§ **Problem description**
Write out a word-for-word repetition of the lines that come before the line containing "usda pecan report 10-24-17-page-002.jpg" in the listing below, along with that line itself, omitting pictures.

§ **Given records**
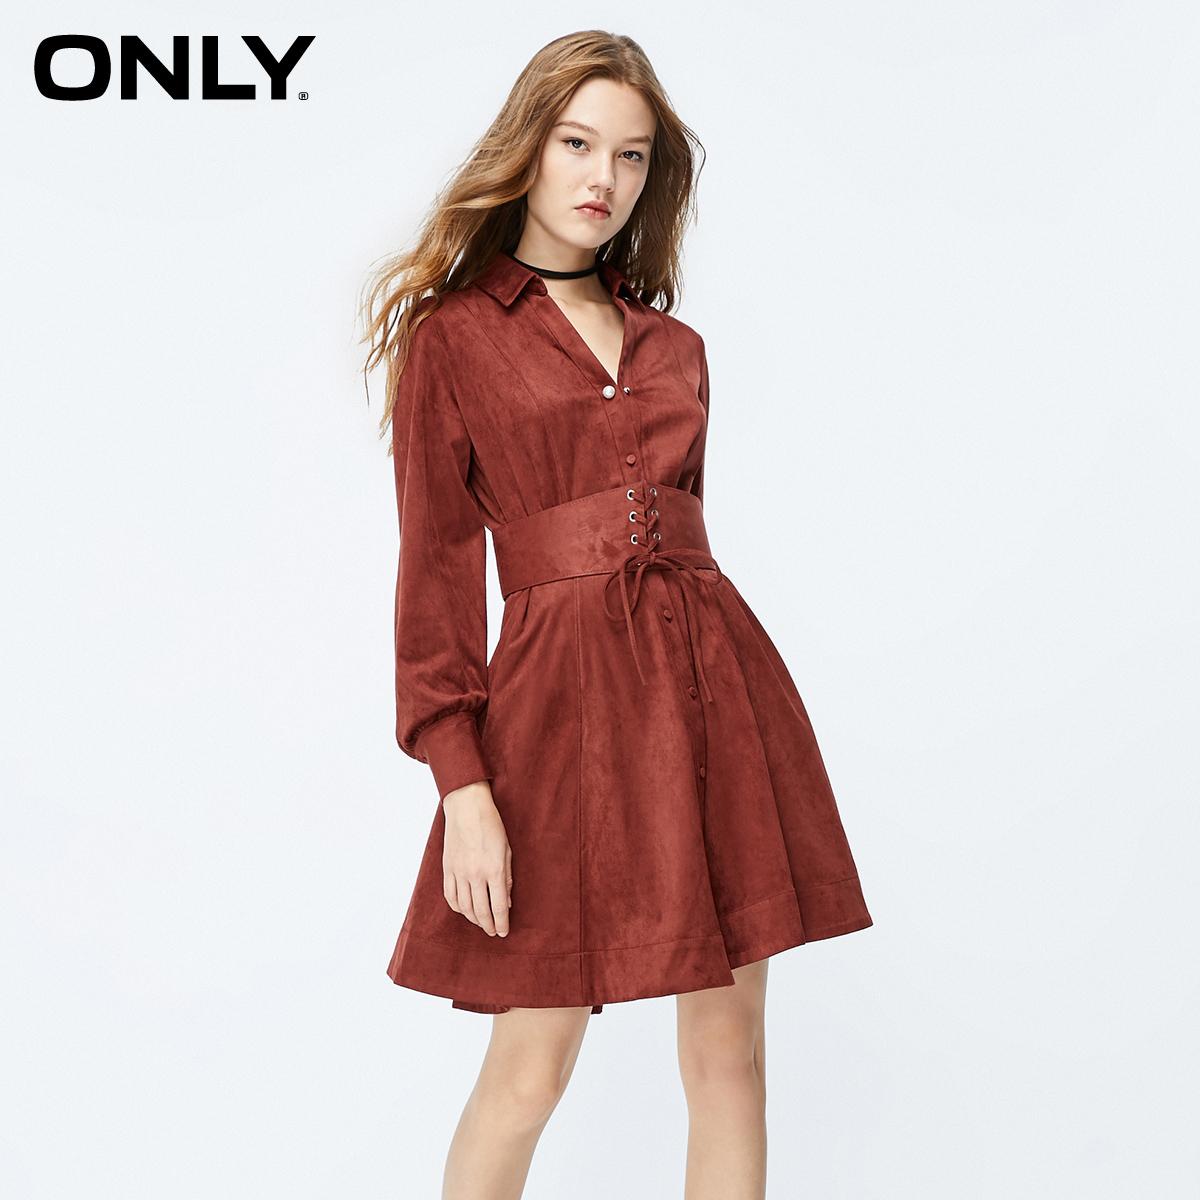 ONLY夏季新款复古绒面收腰显瘦长袖裙子连衣裙女|119307572
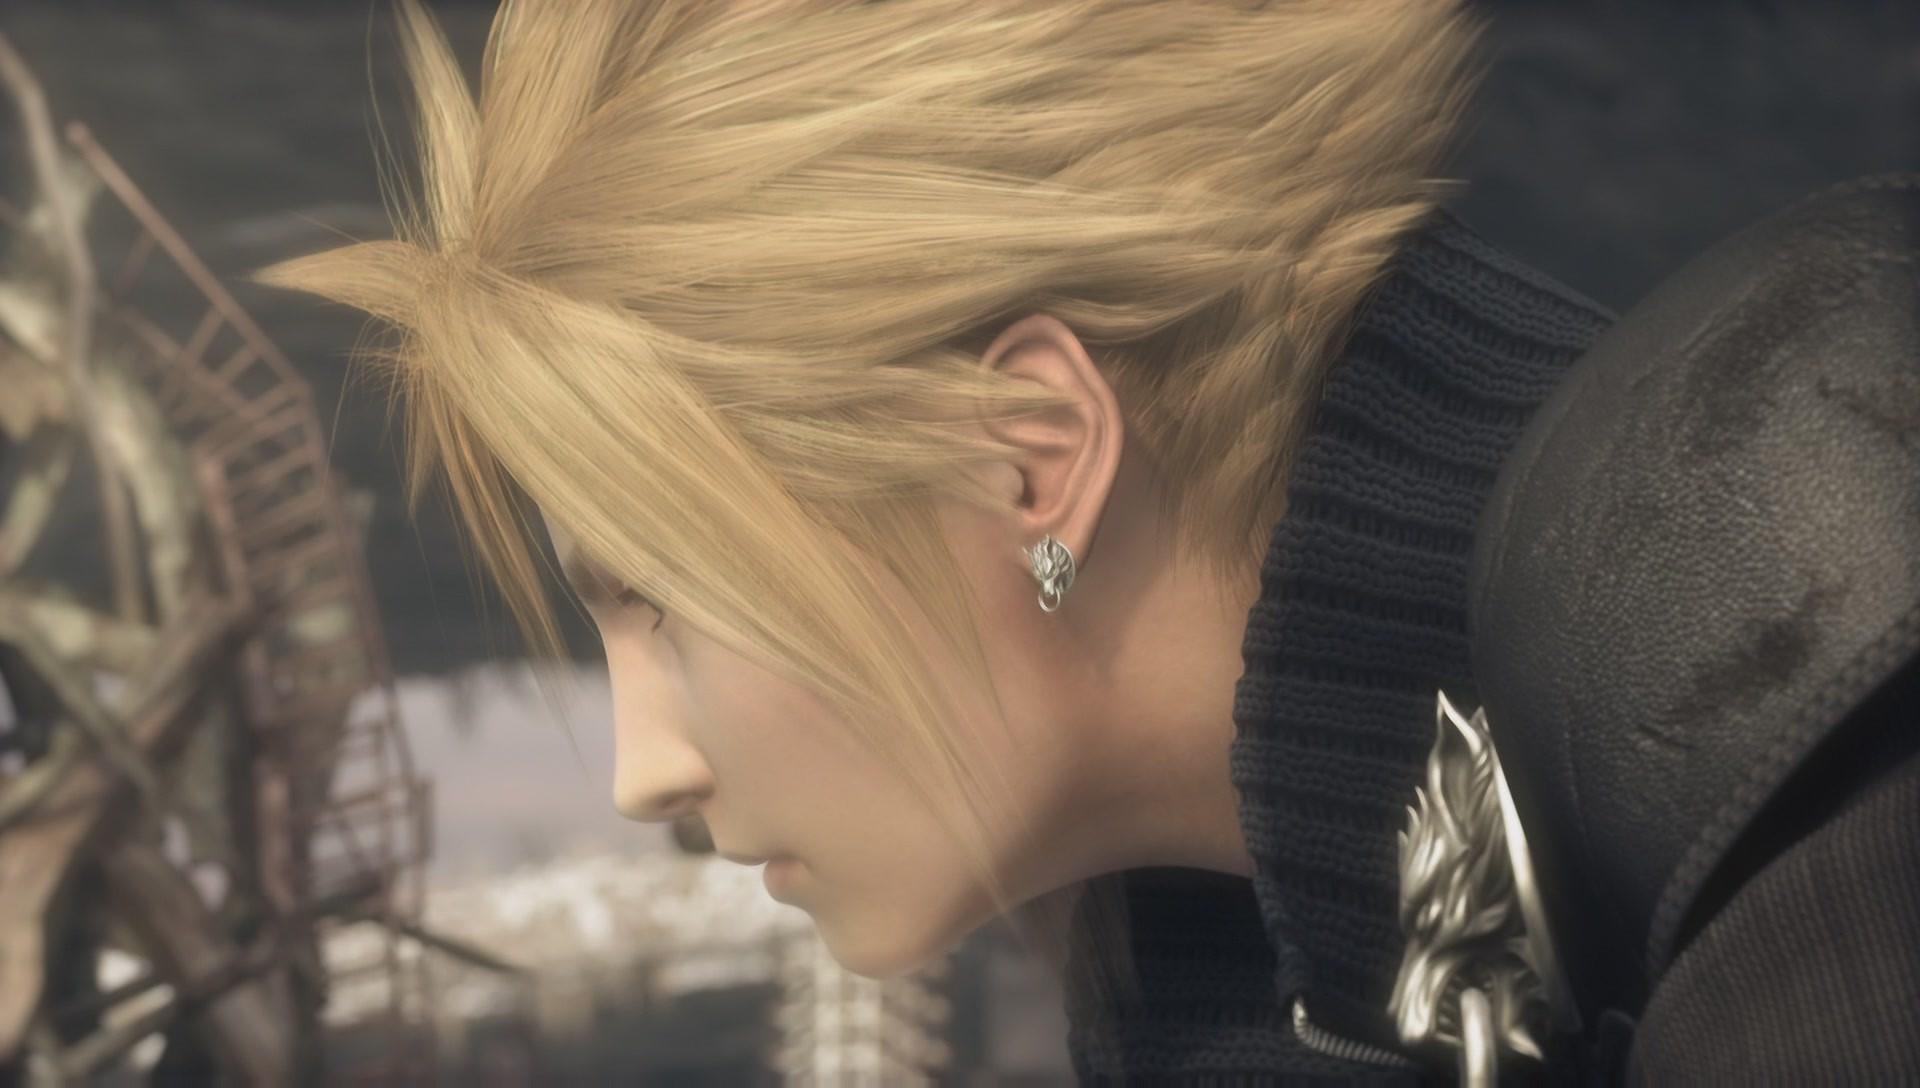 Final Fantasy Vii Advent Children Hd Wallpaper Background Image
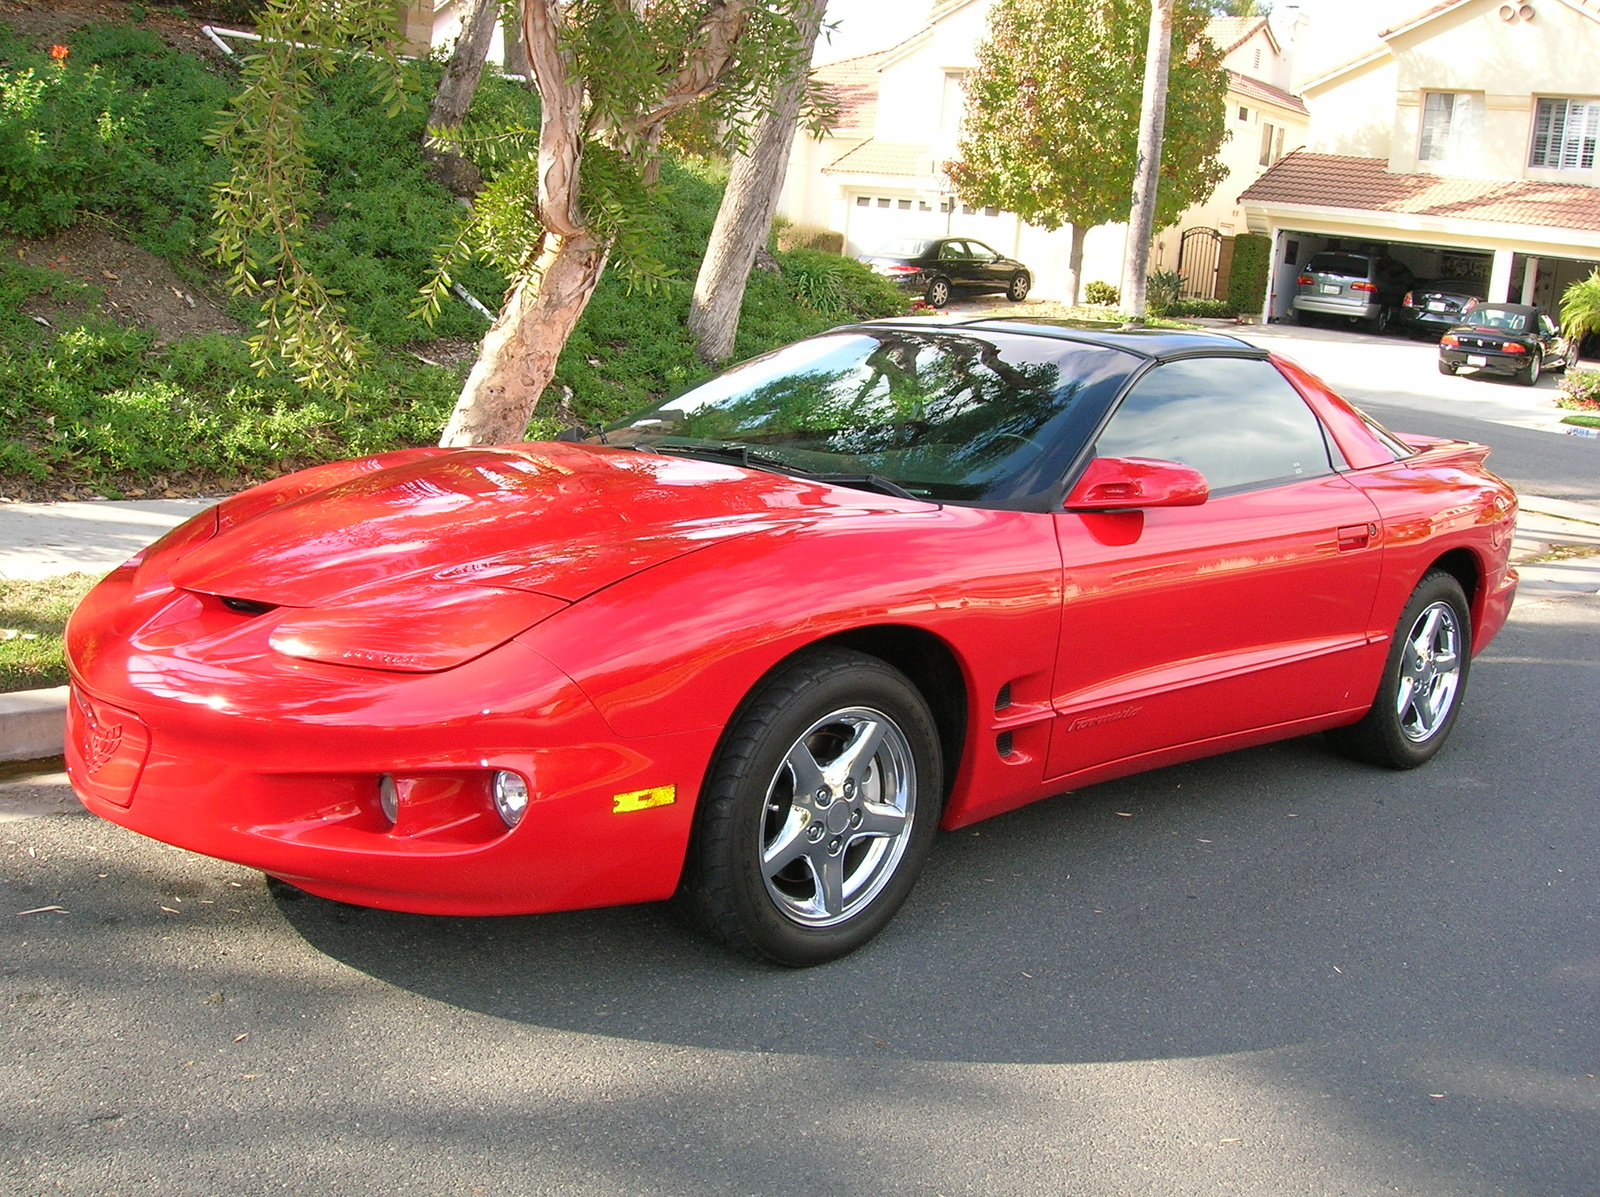 Picture of 2001 Pontiac Firebird Formula
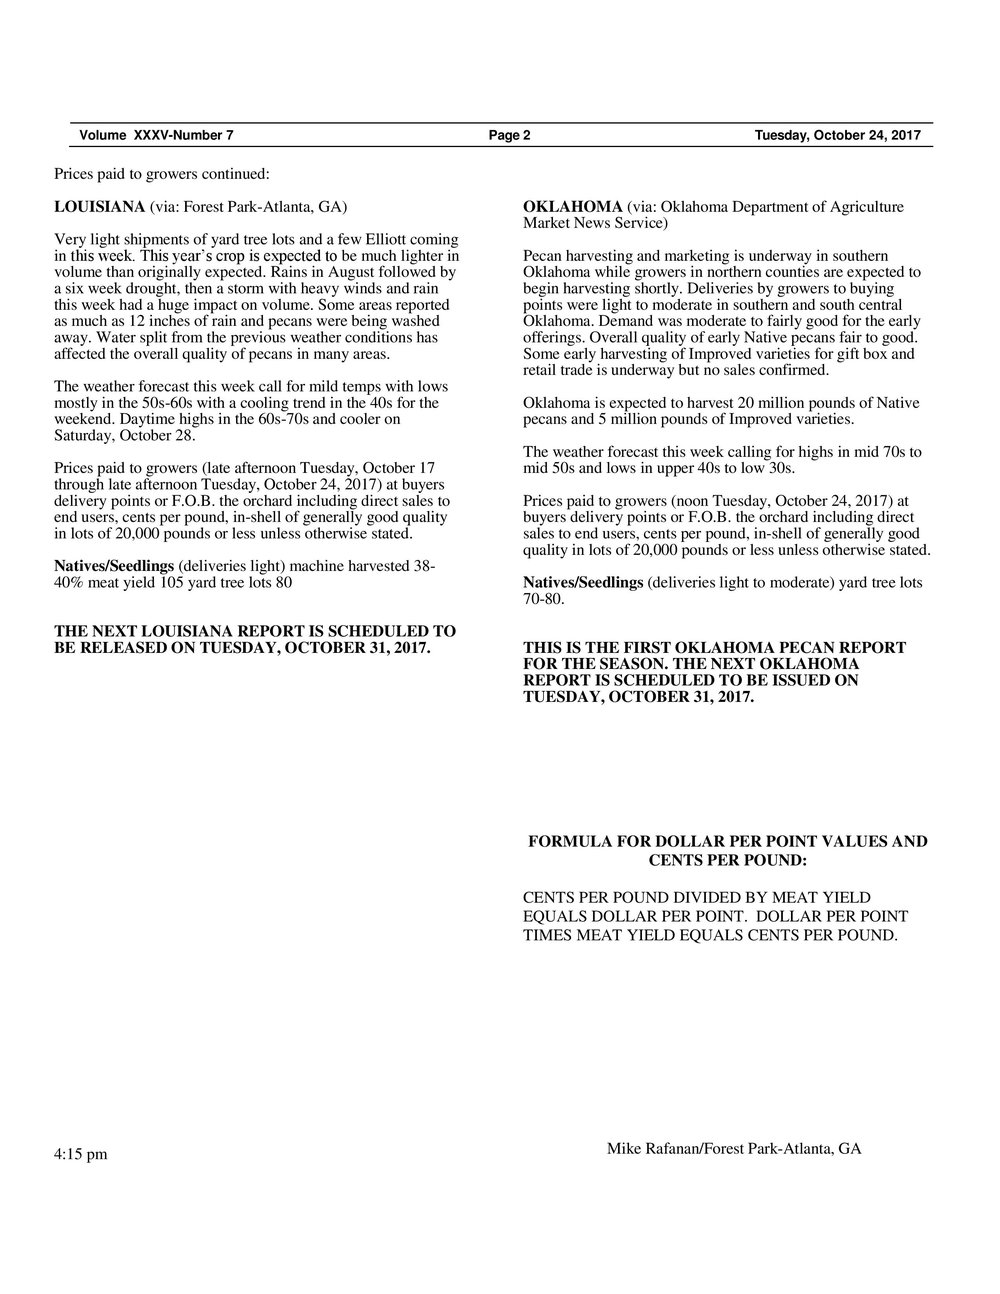 usda pecan report 10-24-17-page-002.jpg
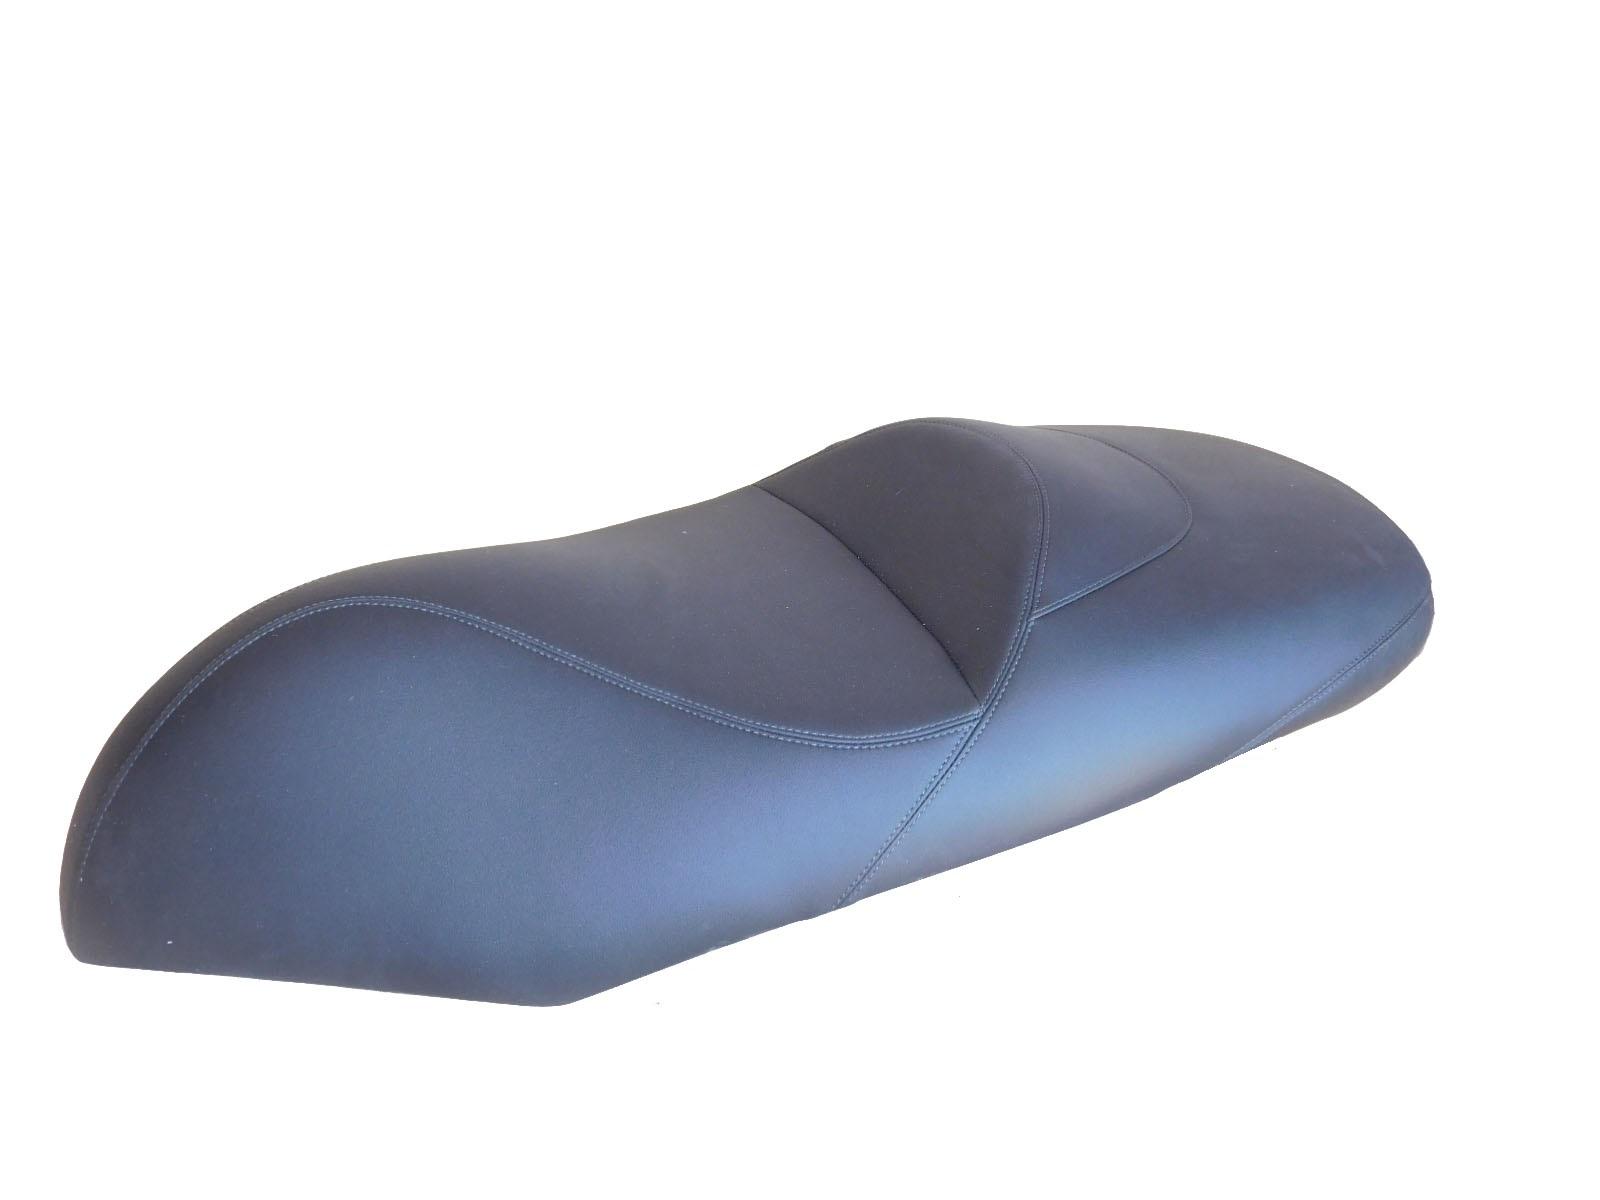 housse de selle design hsd4378 peugeot citystar 125 2011 tarifs pour france. Black Bedroom Furniture Sets. Home Design Ideas

§ **Task result**
 ONLY夏季新款复古绒面收腰显瘦长袖裙子连衣裙女|119307572
 Final Fantasy Vii Advent Children Hd Wallpaper Background Image
 Picture of 2001 Pontiac Firebird Formula
 usda pecan report 10-24-17-page-002.jpg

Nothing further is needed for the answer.